Which are the best practises to handle large JSON?

Question

Question

Pietro Di Leo · Jun 13, 2024

#Embedded Python #FHIR #JSON #ObjectScript #Performance #Python #HealthShare #InterSystems IRIS

Hello everyone,

Recently, I've been working on a Business Process that processes a large JSON FHIR message containing up to 50k requests in an array within the JSON.

Currently, the code imports the JSON as a dynamic object from the original message stream, obtains an iterator from it, and processes each request one at a time in a loop.

The performance meets the requirements, even with much larger requests than the one exposed above. However, I am interested in learning the best practices for handling large JSON in ObjectScript (and why not, Embedded Python) to achieve better performance for future developments.

Here are some ideas I have considered:

Iterative Processing: Process each element of the JSON iteratively without loading the entire stream into memory.
Chunking: Split the loaded JSON into smaller chunks and process them one by one. I could split the array in parts and I wonder if getting an iterator from a smaller JSON chunk would reduce computation time.
Parallel Processing: After splitting the JSON, using parallel processing to handle multiple requests simultaneously. I read something about %SYSTEM.WorkMgr but I'm not sure how can I implement it in this case.

I would appreciate any technical information or reference to documentation about the listed topic or any other additional best practices that could help in handling large JSON data more efficiently in ObjectScript and Embedded Python.

Thank you!

Product version: IRIS 2023.1

Discussion (2)3

Log in or sign up to continue

Steven Hobbs · Jun 13, 2024

%DynamicAbstractObject-s provides the fastest for reading JSON from an external location and once in memory it provides excellent random access reading of data components. Large JSON arrays/objects are supported. I have done %FromJSON on a 20GB JSON file on a system with 16GB of physical memory—required paging of memory but still acceptable performance. You don’t require random access performance and it is best to avoid using more memory than you need. Maybe someday InterSystems can provide methods for reading JSON subobjects while remember how that object was nested in its parent objects.

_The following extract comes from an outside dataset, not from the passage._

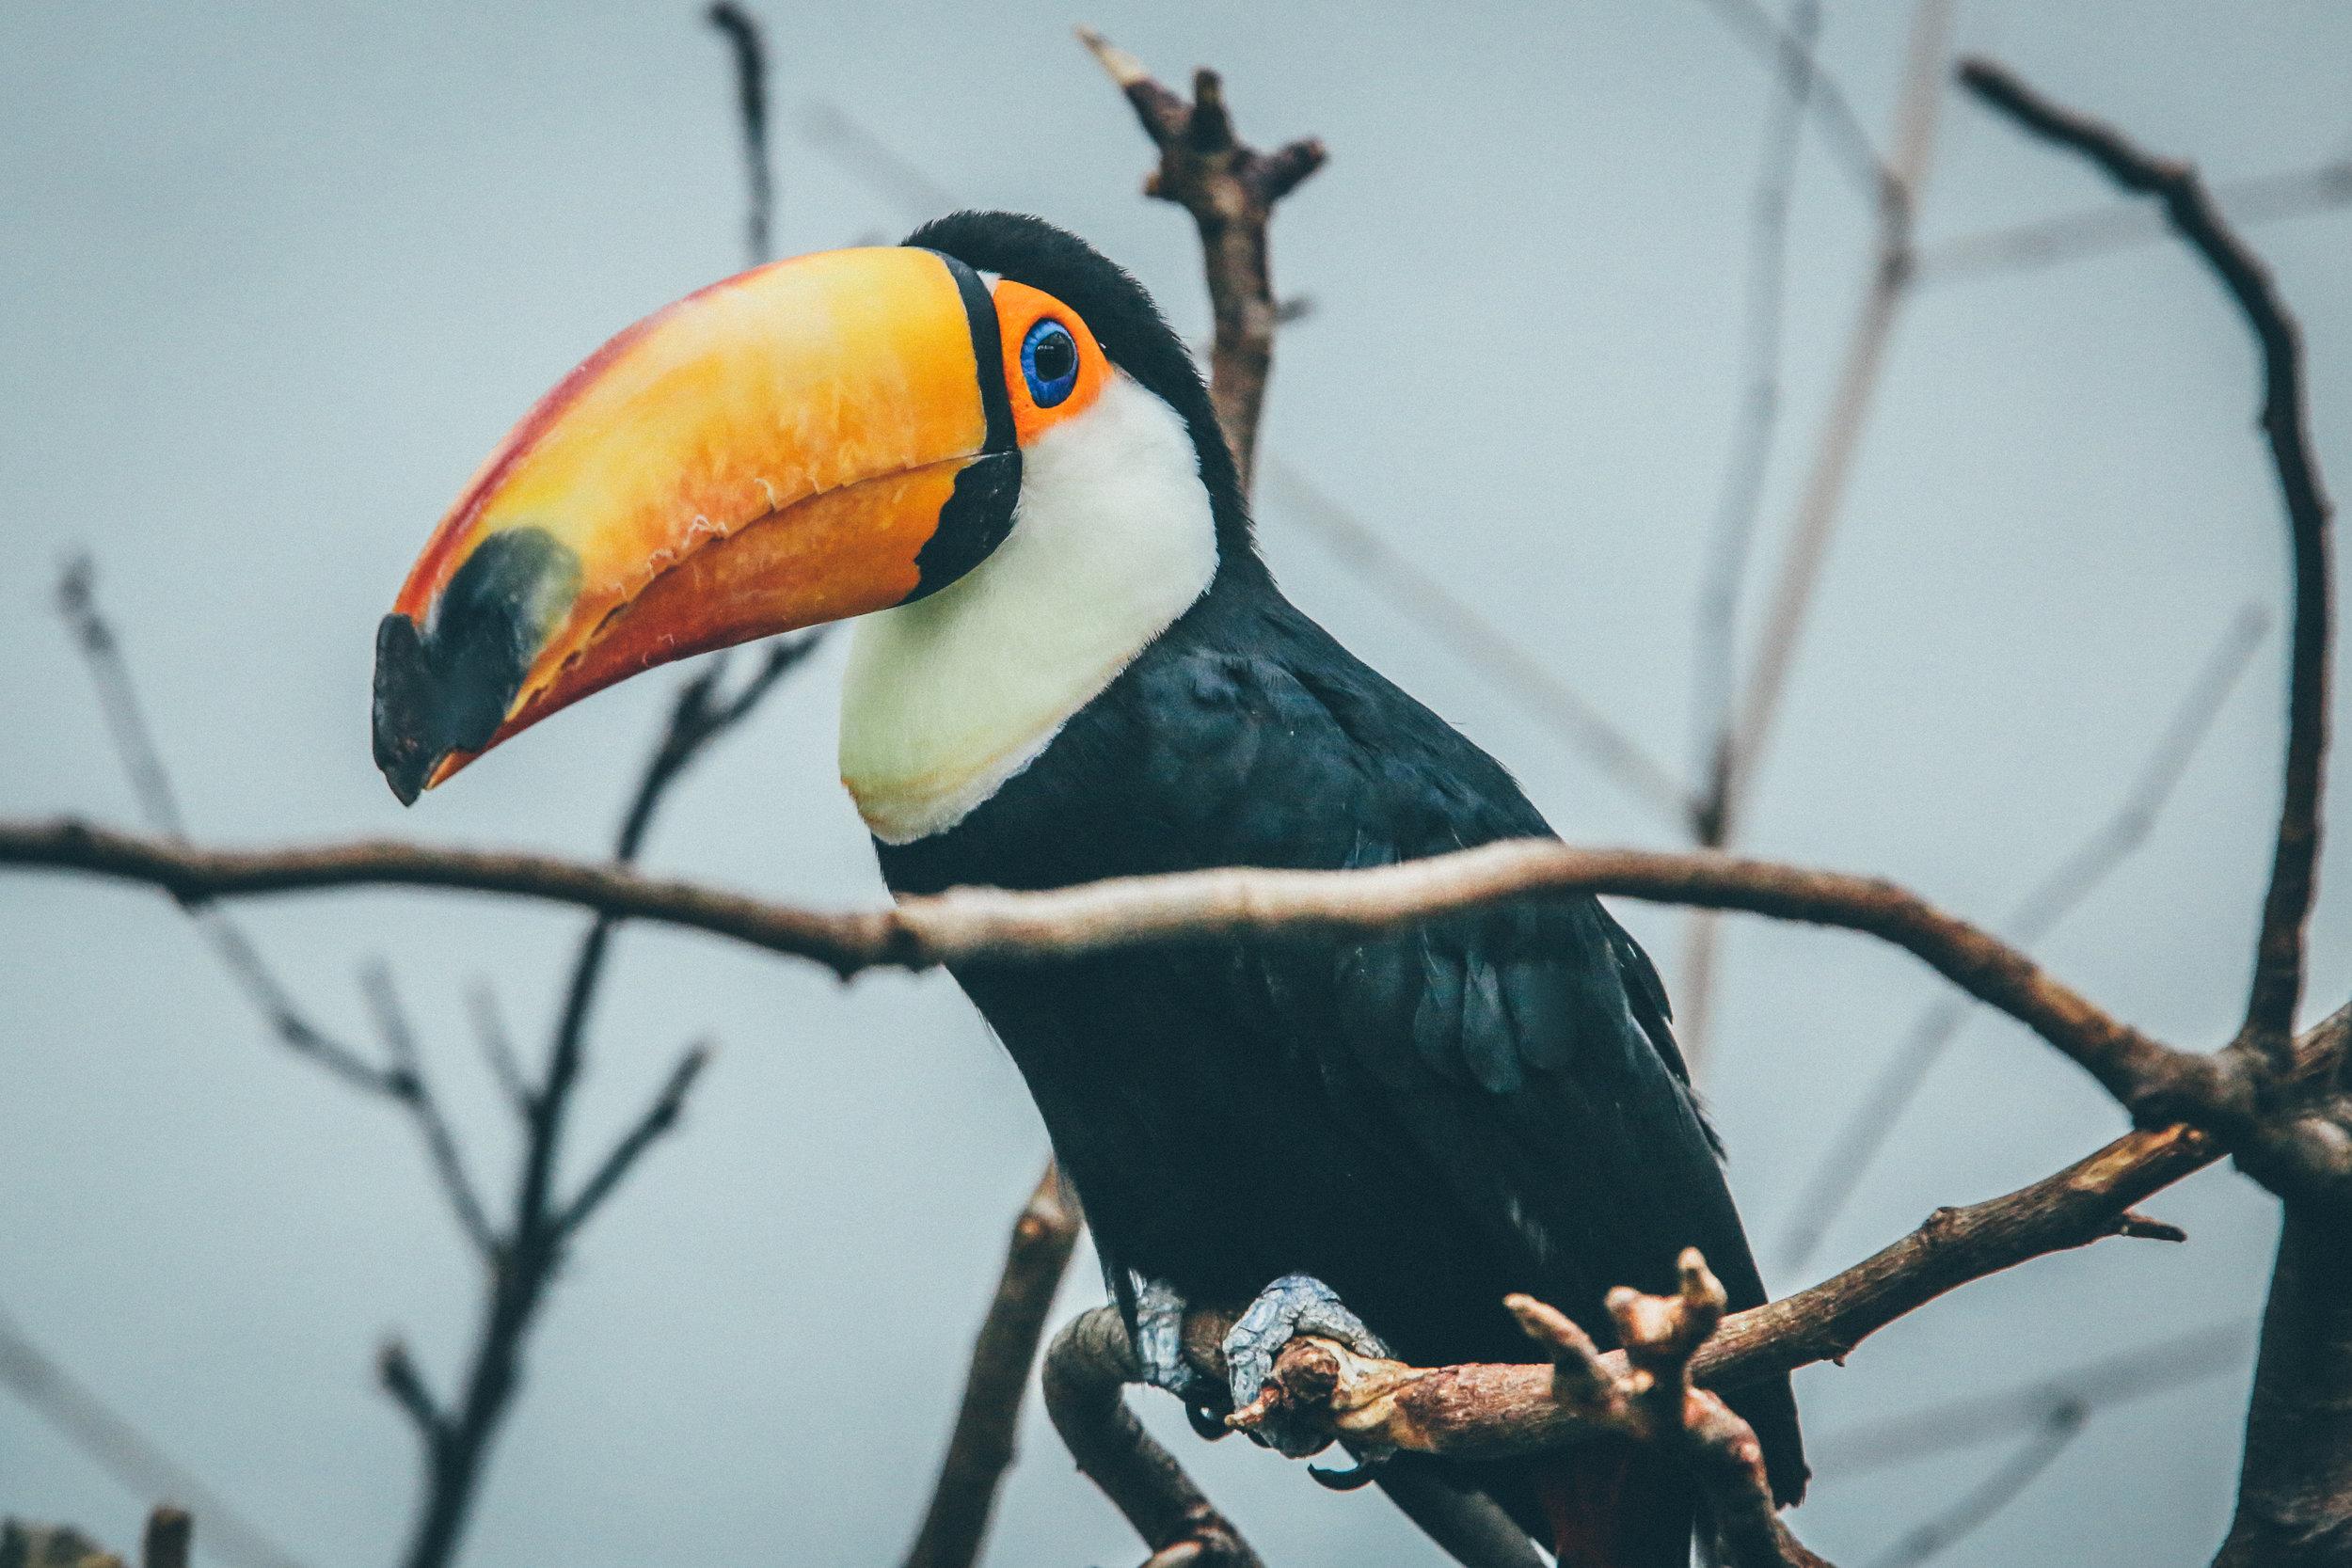 Tucanes - Son algunos de los hermosos animalesque podrás ver en tu travesía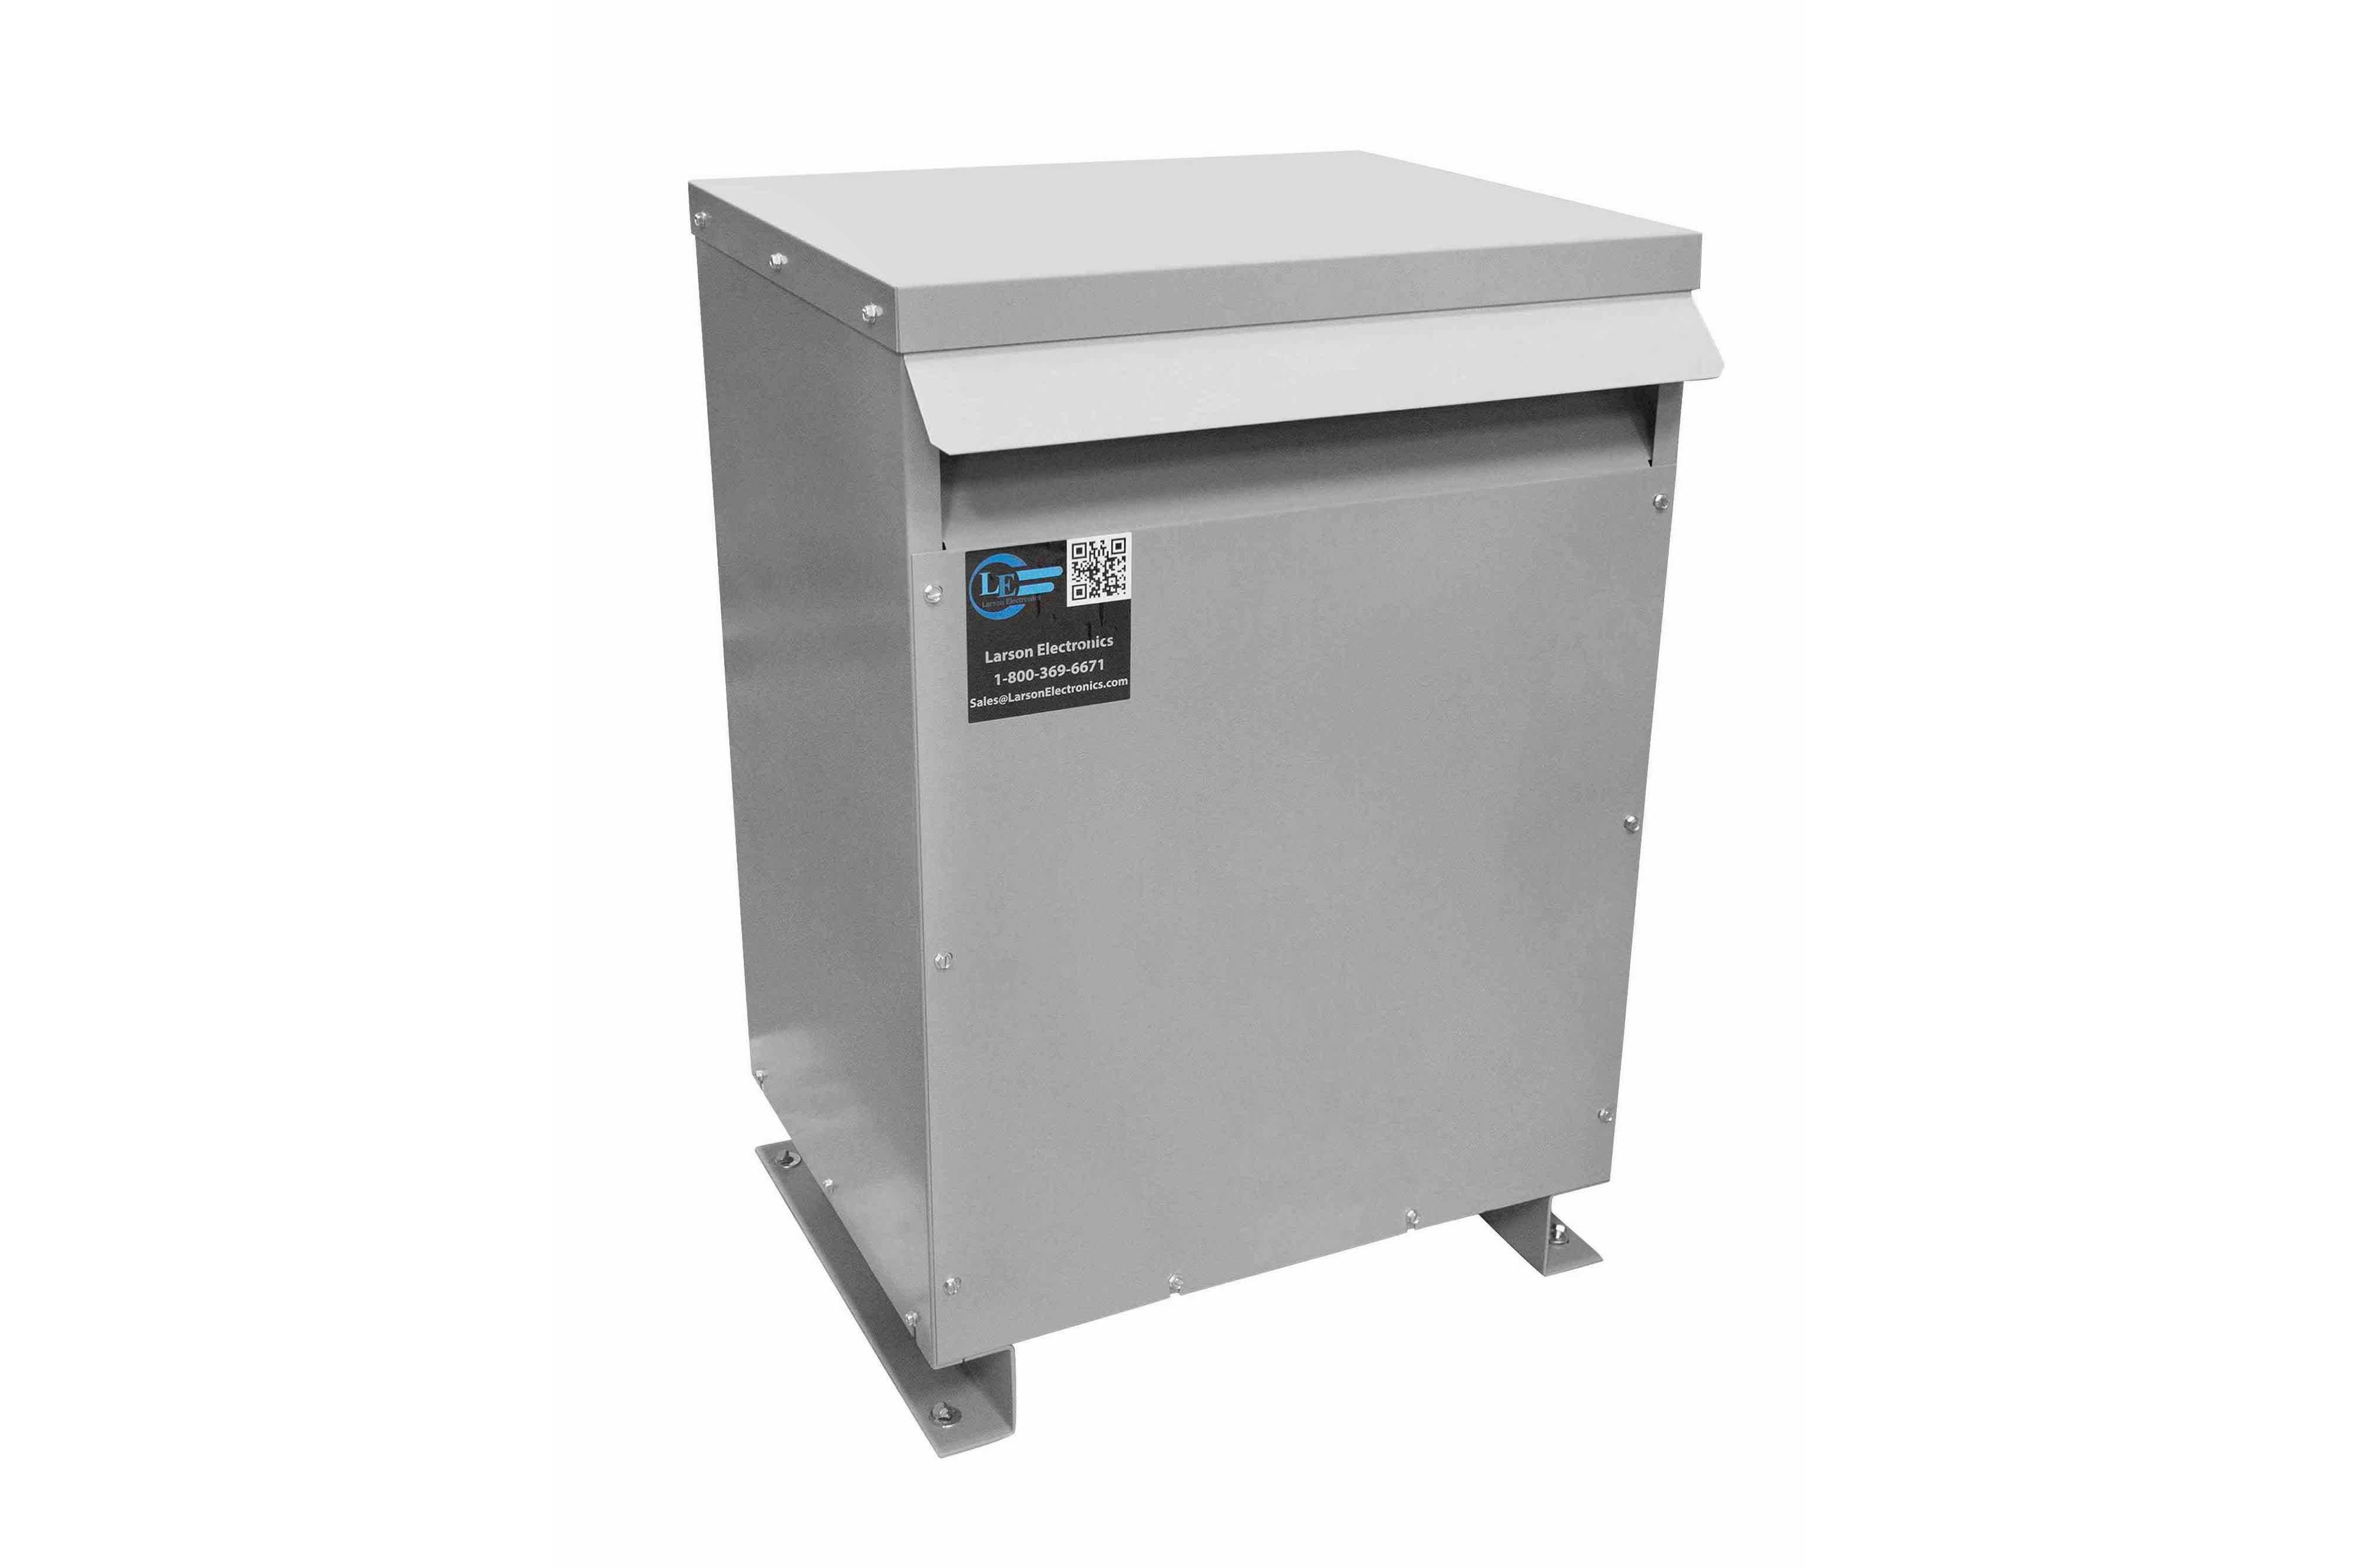 10 kVA 3PH Isolation Transformer, 400V Delta Primary, 480V Delta Secondary, N3R, Ventilated, 60 Hz

Assuming your JSON is in a file or stream and the outer array contains only elements which are arrays or objects you can try the following. 1. First read the leading ‘[‘; 2. Then use %FromJSON to read the array element and process that JSON element (the read will stop on the closing ‘]’ or ‘}’); 3. Read single chars from your stream/file skipping white space and if that char is a ‘,’ then go back to step 2 but if that char is ‘]’ then you are done.

0 0

score 0 · Answer 1 · 2024-06-16T04:11:59-04:00

Ciao Pietro,

as said %DynamicAbstractObject has excellent performance and can handle easily very large JSON streams/files.
Depending on your system settings, for large JSON you may need to accommodate process memory, fortunately you can adjust it in your code at runtime so you can write robust code that does not depend on system configuration parameters.
Note that the default value of "Maximum Per-Process Memory" has changed during time, so a new installation and an upgraded installation have different values.

IMHO the real question here is: in what side of the JSON processing is your code?

Are you generating the JSON or are you receiving the JSON from a third party?

If you are receiving the JSON, then I don't think there is much you can do about, just load it and IRIS will handle it.
I'm pretty sure that any attempt to "split" the loading of the JSON stream/file will result in worst performance and consumed resources.
To split a large JSON you need to parse it anyway....

If you are generating the JSON, then depending on the project and specifications constraints, you may split you payload in chunks, for example in FHIR the server can choose to break a bundle it up into "pages".

I'm not sure if your question is about loading the JSON file/stream into a %DynamicAbstractObject or about processing the large %DynamicAbstractObject once it has been imported from JSON?

What's your problem and what's your goal?